Keywords: escherichia coli, silver ions, wound dressings, antibacterial effects, staphylococcus aureus, silver nanoparticles, wound care management
Introduction
The utilization of silver in wound care has been reported as early as 69 B.C. [1]. Silver’s properties exert cytotoxic effects on fungal, bacterial, and viral microbes [2,3]. The spectrum of bacterial coverage is wide and includes Staphylococcus aureus and Escherichia coli, two of the most commonly implicated bacteria in wound infections [4]. Over the last two decades, studies on wound care products containing silver suggest that silver fulfills a valuable role in wound care [5]. Silver-containing wound dressings (SCWDs) were designed to help decrease wound infection and have transformed the scope of wound care.
Silver must be in a soluble form for it to be biologically active [6]. Silver ions (Ag+) provide cytotoxic activity through the interruption of biofilms, the increased uptake of antibiotics, and the generation of reactive oxygen species [7-10]. Earlier SCWDs provided a quick initial load of Ag+ and would quickly become depleted with prolonged contact with chloride ions in serum. New SCWDs have been designed to release a slow and steady supply of Ag+. For example, dressings under the Acticoat brand contain Ag0 clusters.

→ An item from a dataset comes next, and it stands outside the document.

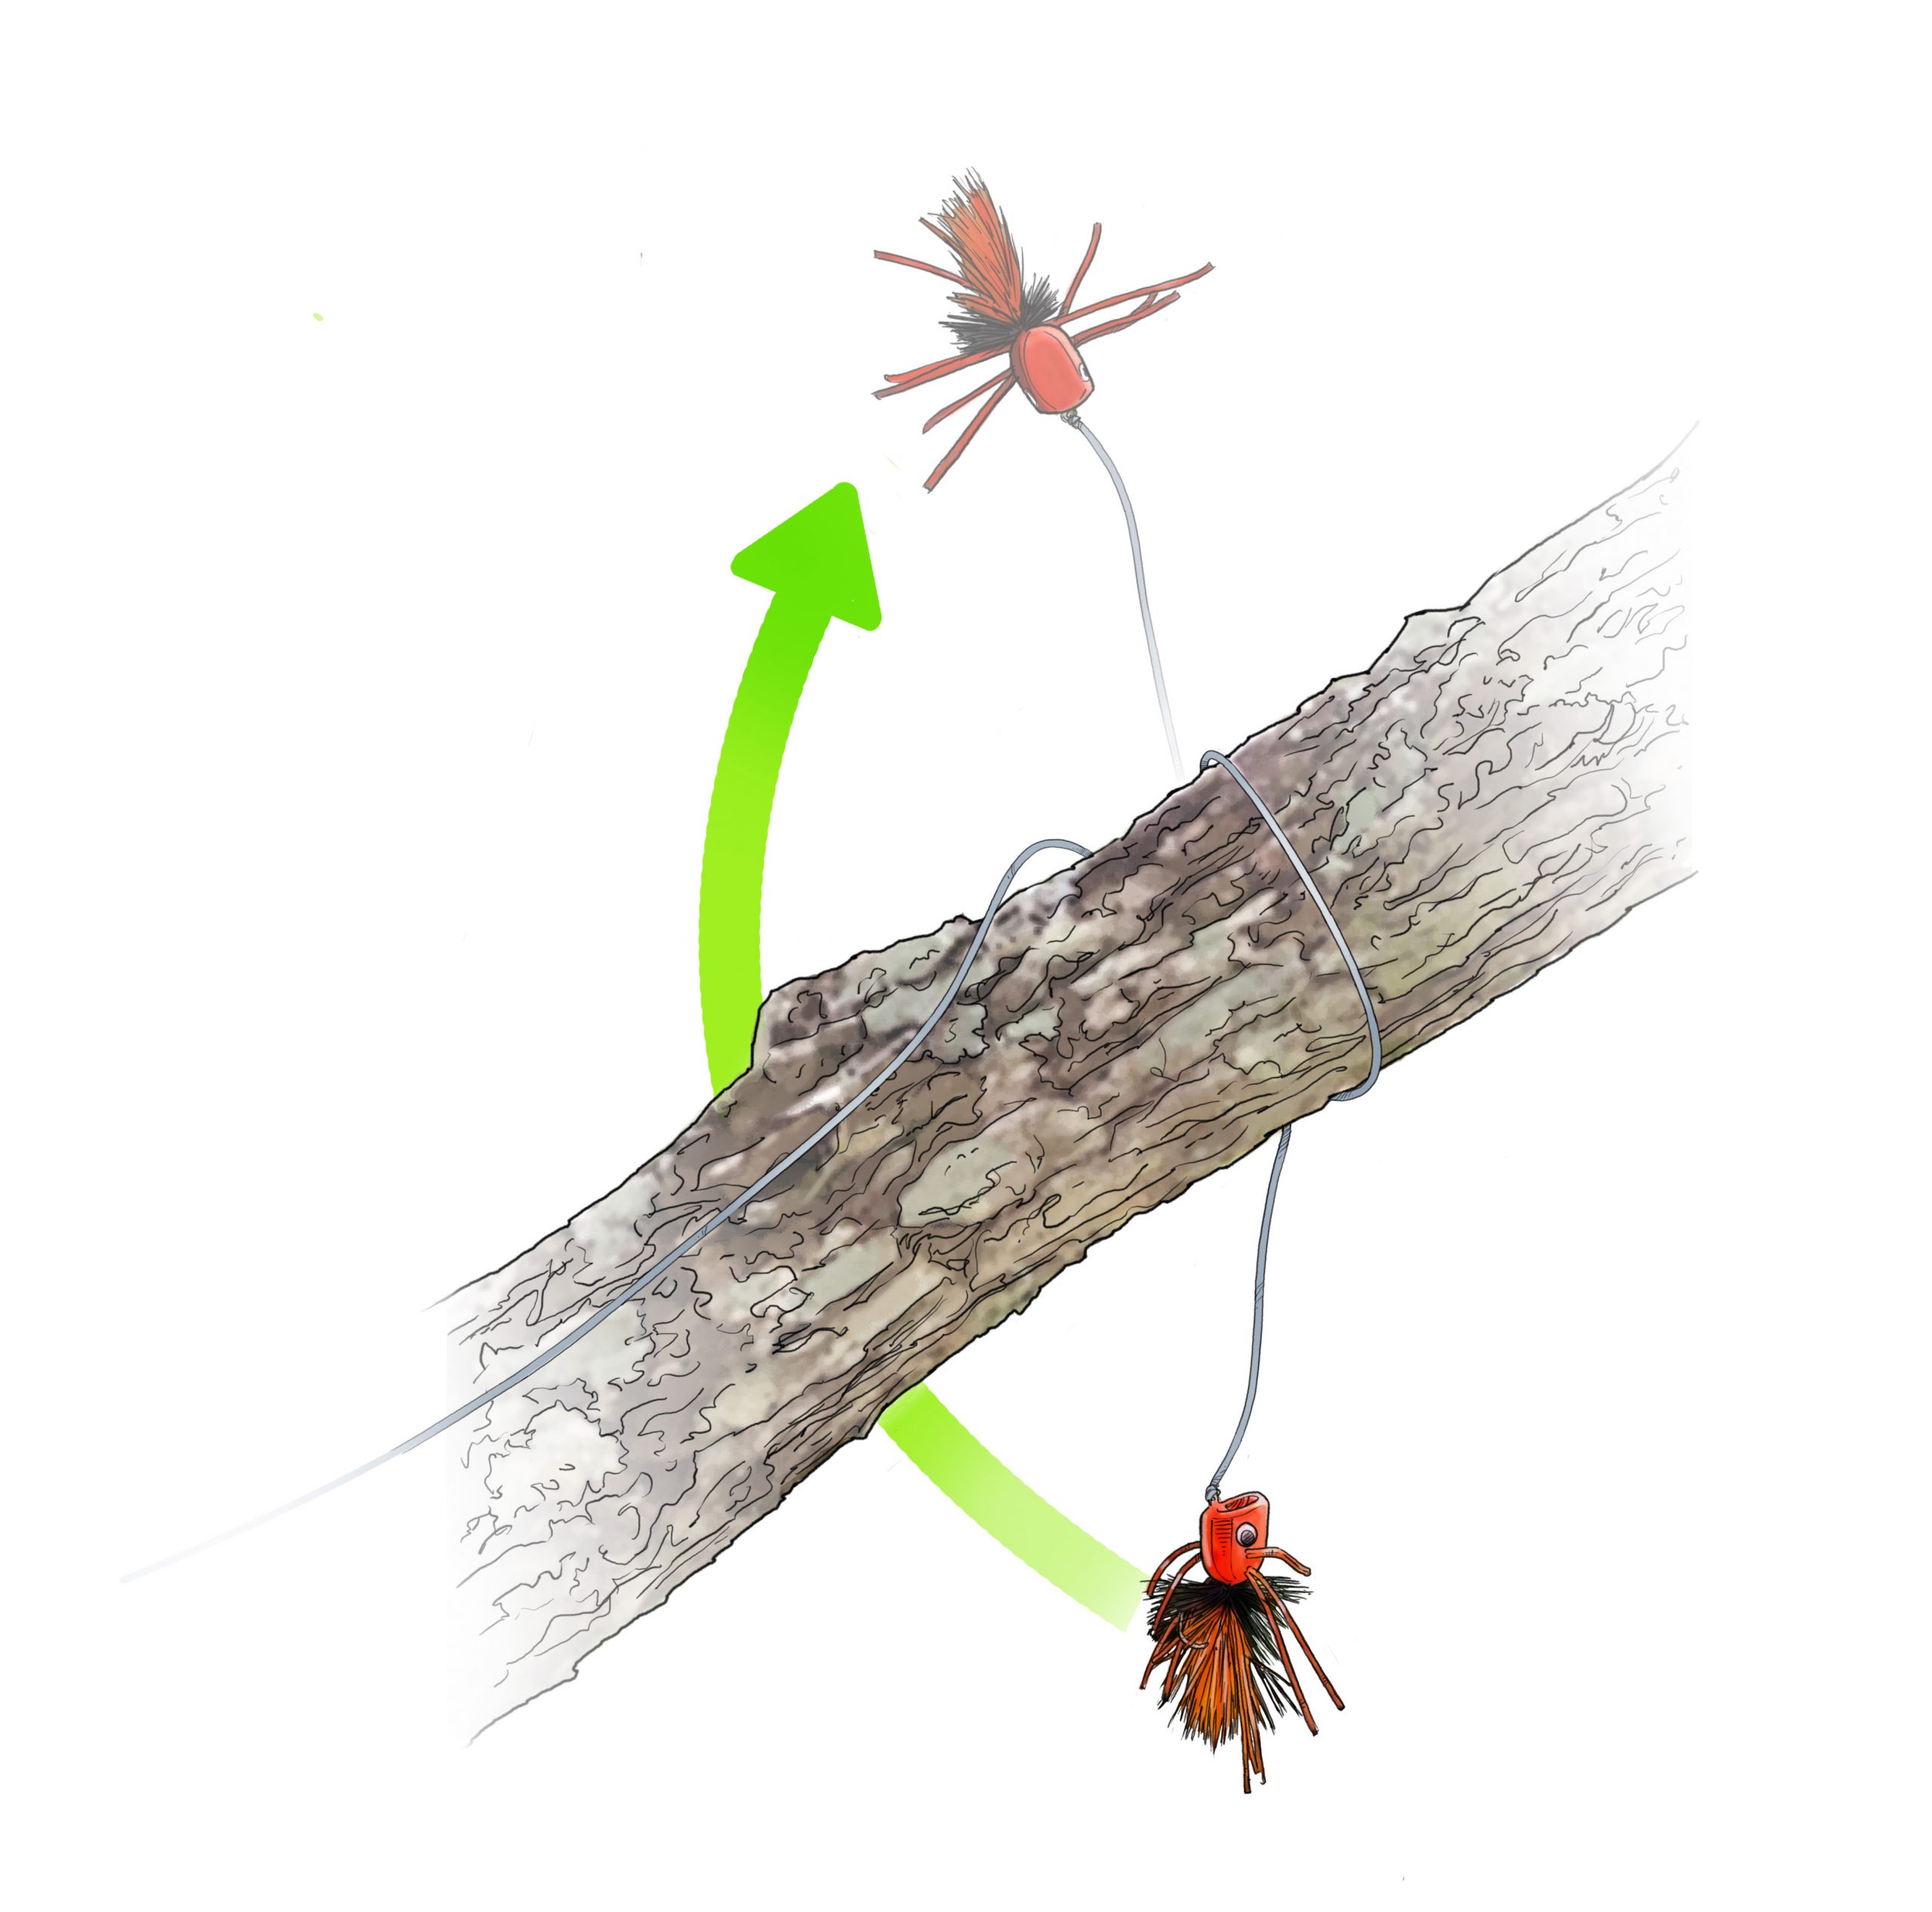 fly fishing illustration depicting the tease method to unsnag a fly

These silver clusters were designed to slowly release silver upon contact with wound fluid [6].
Previous studies have shown differences in wound treatment outcomes between a variety of wound dressings such as a silver hydrogel dressing, PolyMem Silver, and Acticoat [2]. An additional study found differences in antimicrobial activity among Acticoat, Acticoat Moisture Control, Acticoat Absorbent, SilvercelTM, Aquacel Ag, Urgotul SSD, and Actisorb [11]. The authors reason that the differences were the result of disproportionality in silver concentrations since higher concentrations correlated with more robust antibacterial properties [11,12].
Acticoat Flex-3, an Ag0 silver nanoparticle-based dressing, has been shown to be an effective antimicrobial dressing and has demonstrated effective wound healing properties [13,14]. In a previous study comparing a limited number of other SCWDs, Acticoat Flex-3 had a greater silver release over Actisorb Silver 220, Aquacel Ag, and Mepilex Ag [14]. However, the authors did not investigate their respective antimicrobial properties [15]. Although SCWDs with higher silver release, not to be confused with higher starting concentration, should conceptually exhibit higher antimicrobial effects, yet this has not been previously shown.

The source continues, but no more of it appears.